For scalability, Digital Reef has broken its software into three layers. Each layer can run on clusters of hosts, according to Brian Giuffrida, Digital Reef's vice president of marketing and business development. The access tier can be tunneled through a firewall if necessary, the service tier acts as a job router for requests that come into the system and the analytics tier processes data. Within the analytics tier, the software also checks large jobs to see if they need to be load-balanced or restarted.
"It scales to the needs of a true enterprise data store," Giuffrida said.
Giuffrida claims Digital Reef's data classification and search algorithms are more advanced than previous generations of classification products. The product contains a "similarity engine" that can identify overall contextual similarity of files in a repository rather than simply matching keywords.
"So an oil-exploration company investigating a failure mechanism on a particular offshore oil rig could find solutions to the problem written on other rigs where the components are named differently," Giuffrida said.
The similarity engine also allows the identification of duplicate or near-duplicate files without depending on specific keywords.
Giuffrida said the software could be used for business intelligence and data mining by identifying patterns on its own, rather than relying on users to manually classify data or train artificial intelligence to do so.
"We want to show customers what they don't know they don't know about their file repositories," he said.

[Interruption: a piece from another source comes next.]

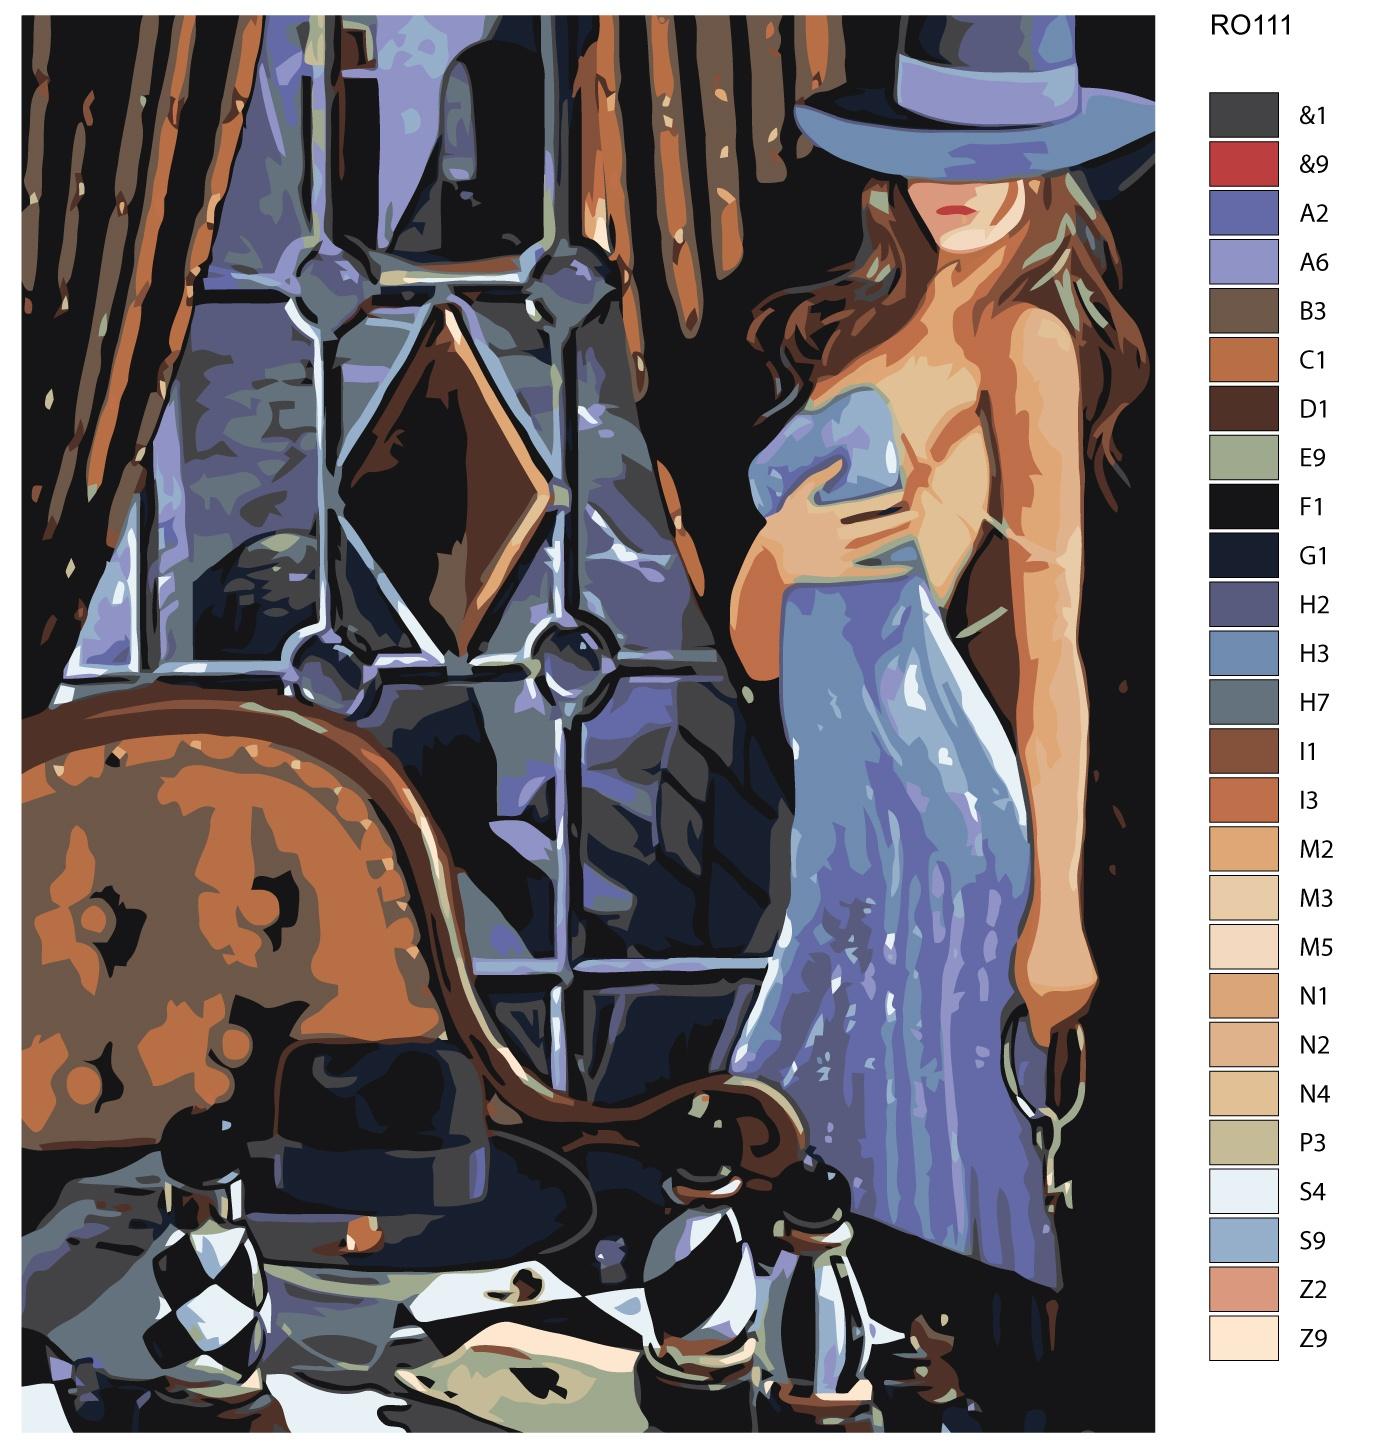 Картина по номерам, 80 x 100 см, RO111

The software only moves data if users or policies require it to do so. It doesn't perform automated migration, although it can initiate data migration processes for litigation holds if necessary. Giuffrida said Digital Reef plans to take this engine a step further in future releases this year, with automated, tiered storage features and classification of multimedia files on the roadmap.
Arun Taneja, founder and consulting analyst at Hopkinton, Mass.-based Taneja Group, said the technology looks promising on paper, but he has seen this movie before.
"Scalability has absolutely, without question, been an issue for data classification products," he said. "The proof of the pudding is in the eating—scalability has been a hallmark for all of these products when they were first presented to me."
Taneja said scalability issues often come to light only after enterprise customers expose a new product like this to real-world environments.